> AIM OF THE TASK: Write the listing out again word for word, excluding any pictures.

> DATASET EXTRACT:
┌──
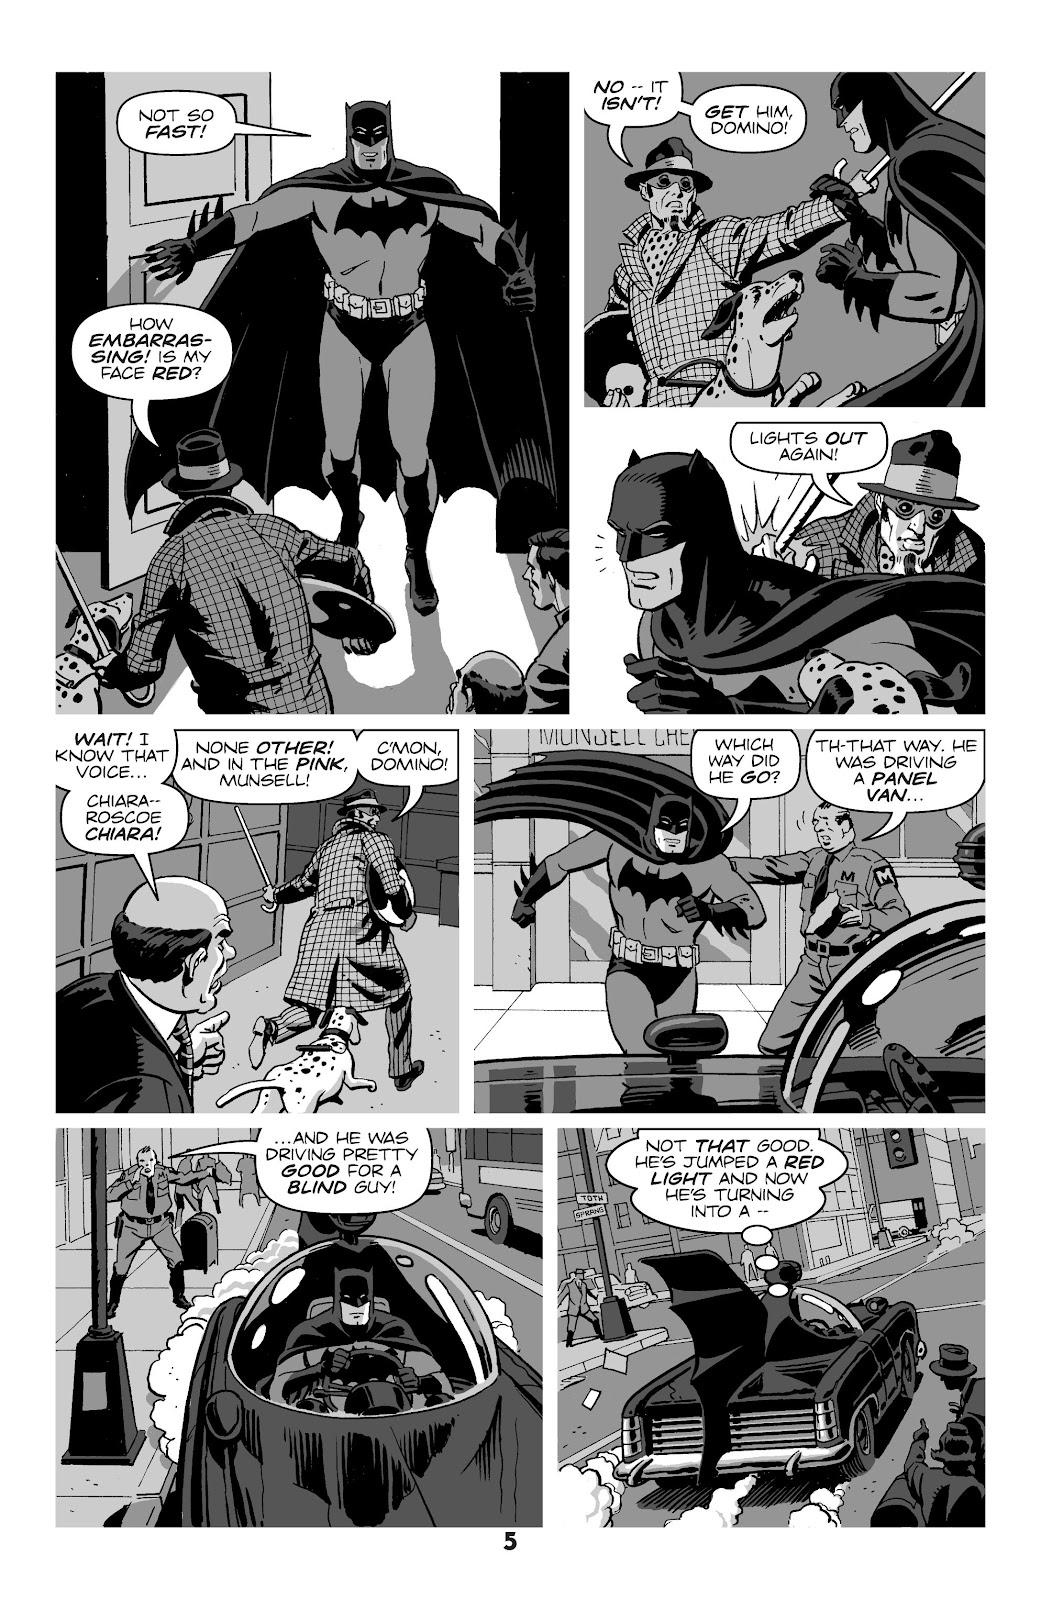 Batman Gotham Knights 012 | Read All Comics Online For Free
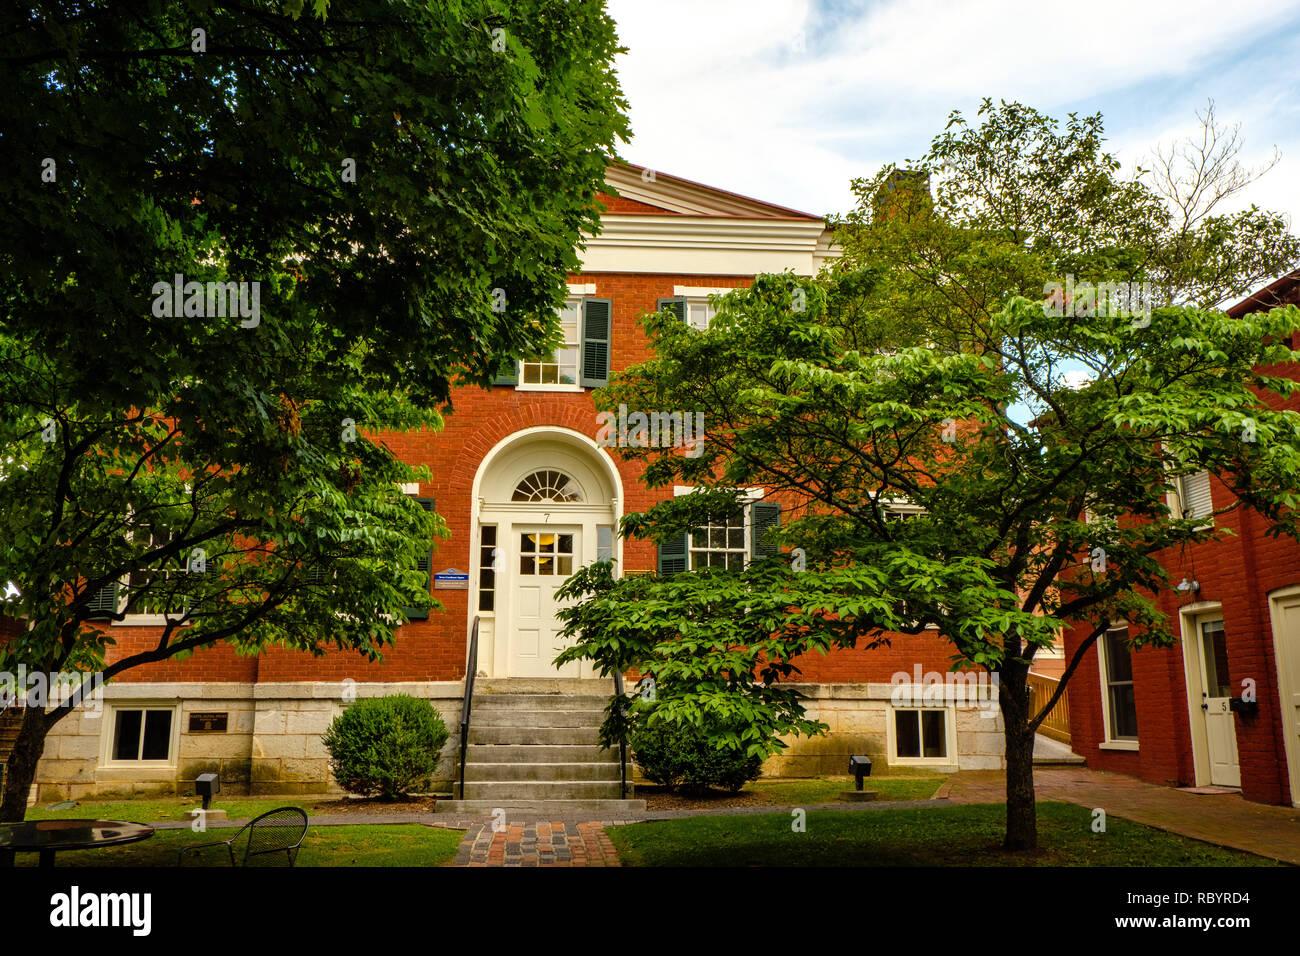 Former Rockbridge County Jail, Courthouse Square, Lexington, Virginia - Stock Image
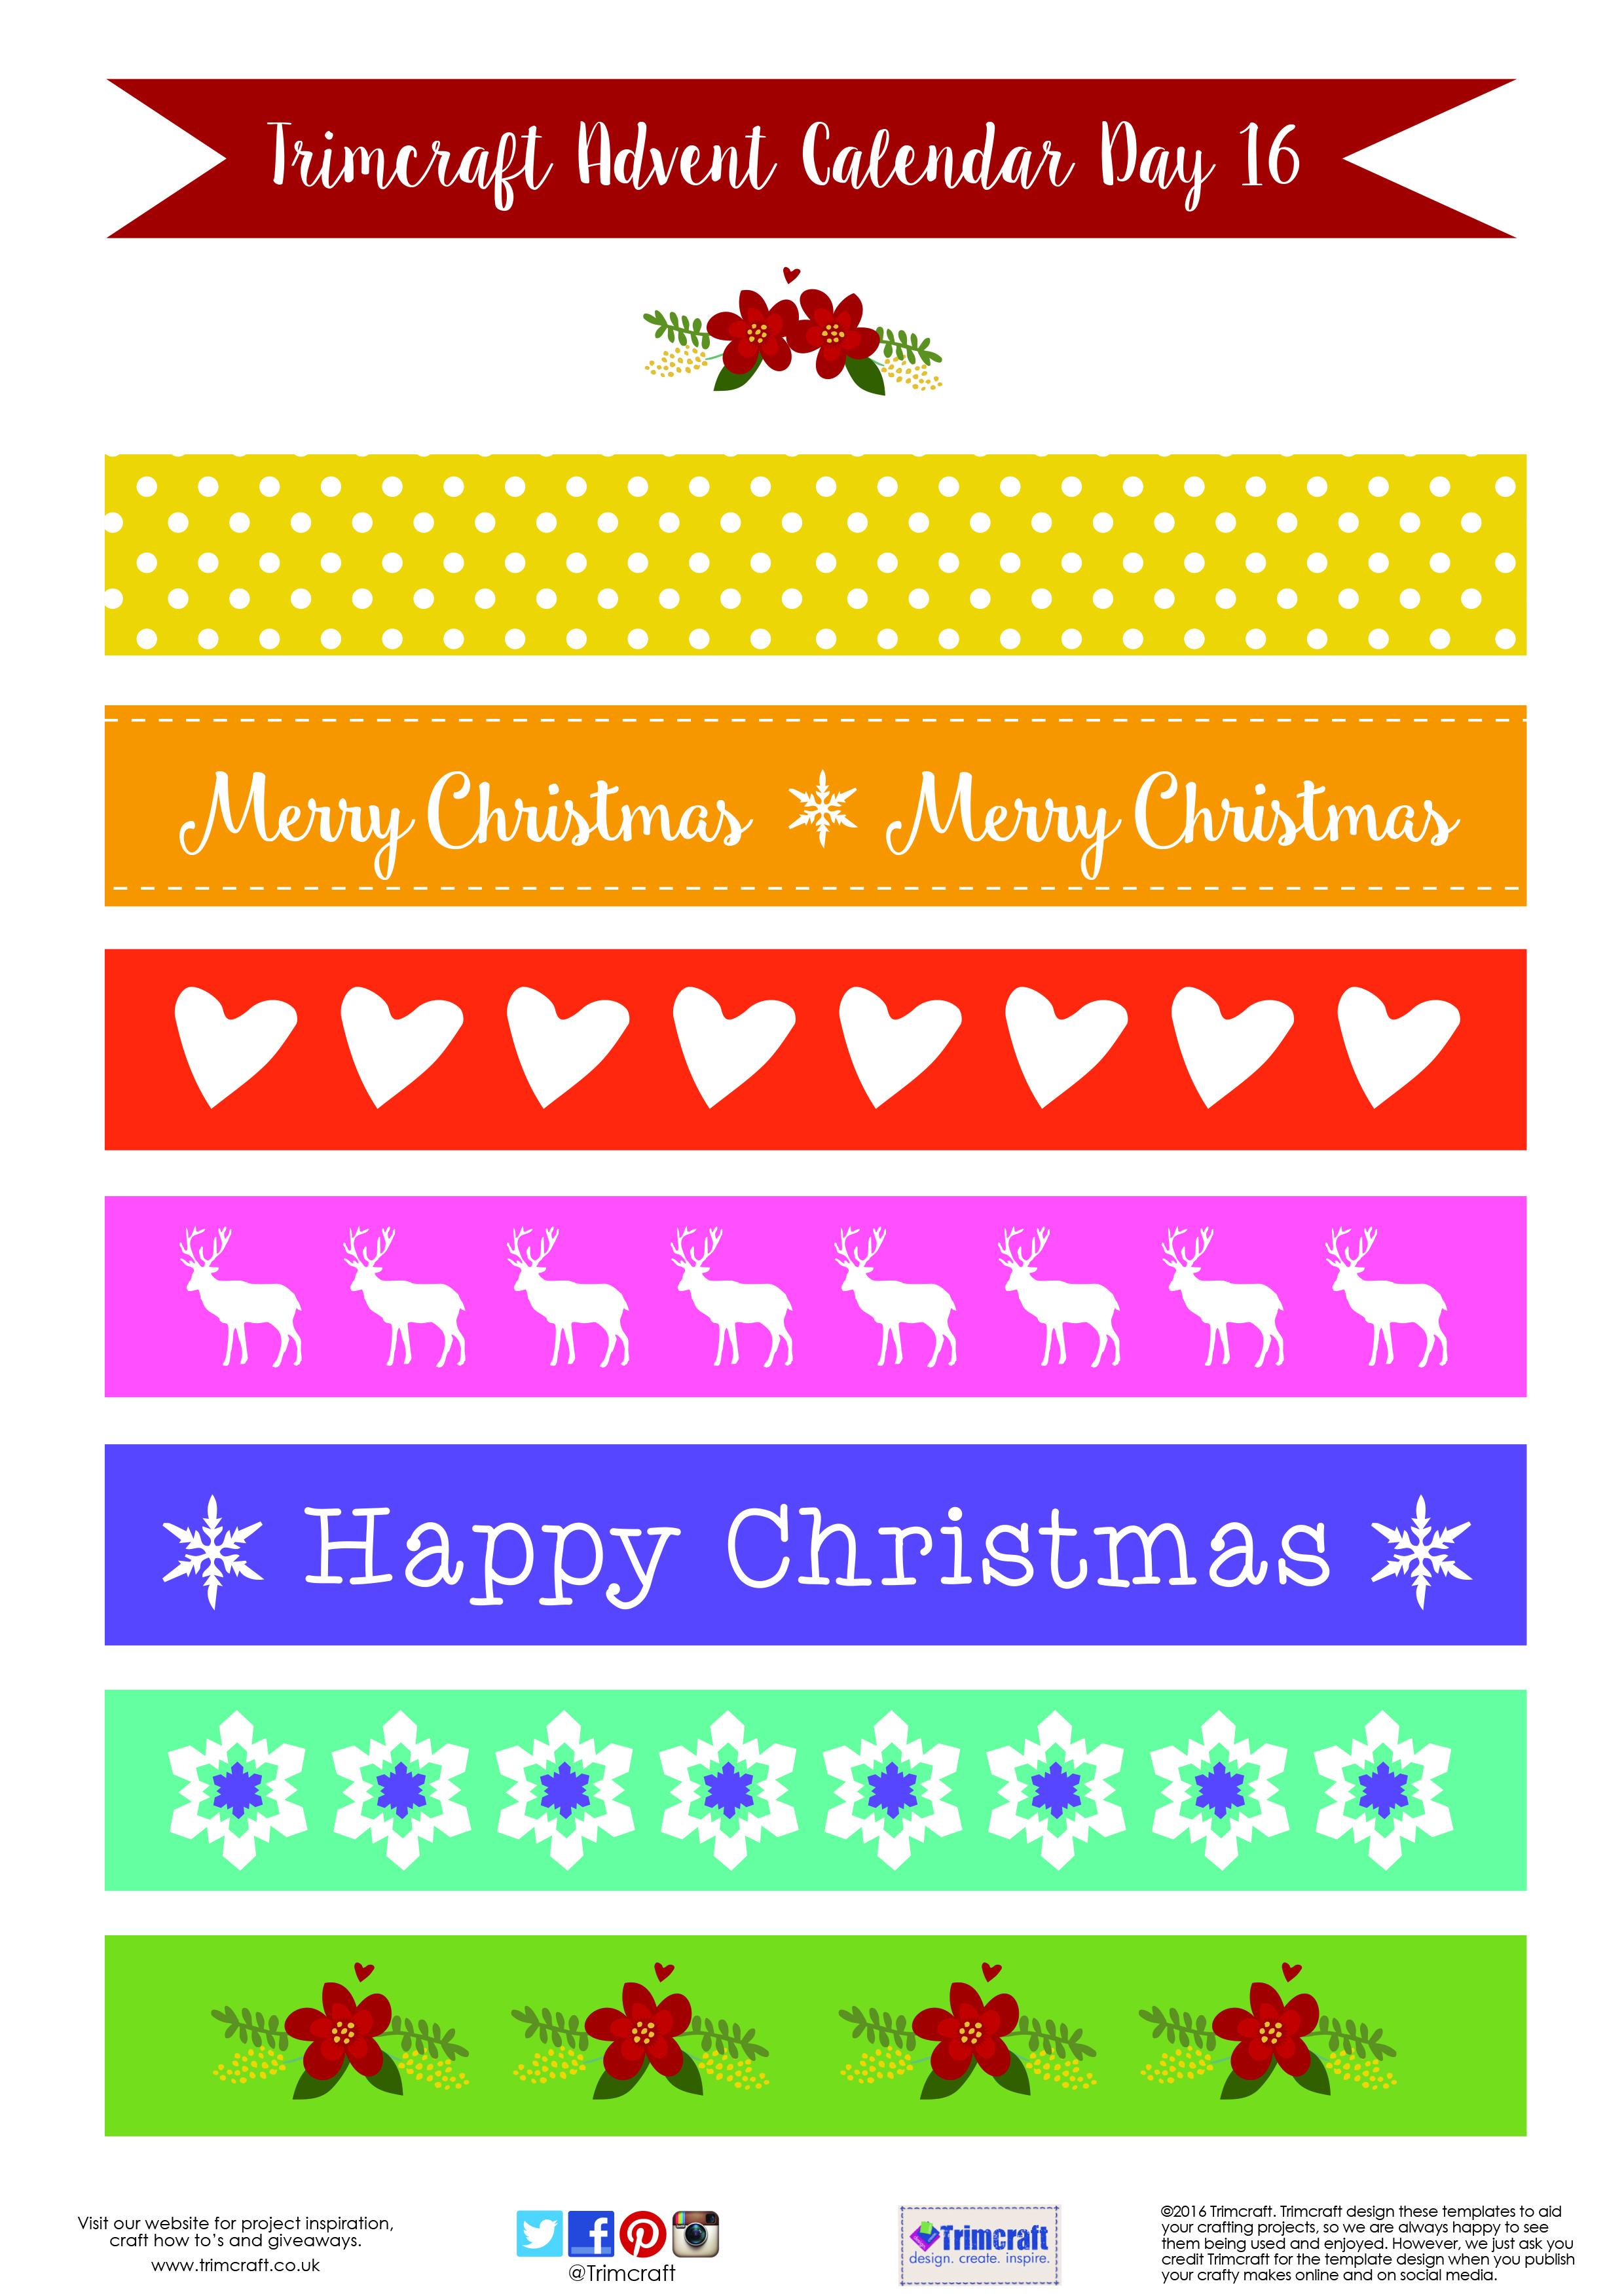 Free Printable Craft Templates | The Craft Blog within Christmas Calendar Printable Template
└──
> REPLY:
 Batman Gotham Knights 012 | Read All Comics Online For Free
 Former Rockbridge County Jail, Courthouse Square, Lexington, Virginia - Stock Image
 Free Printable Craft Templates | The Craft Blog within Christmas Calendar Printable Template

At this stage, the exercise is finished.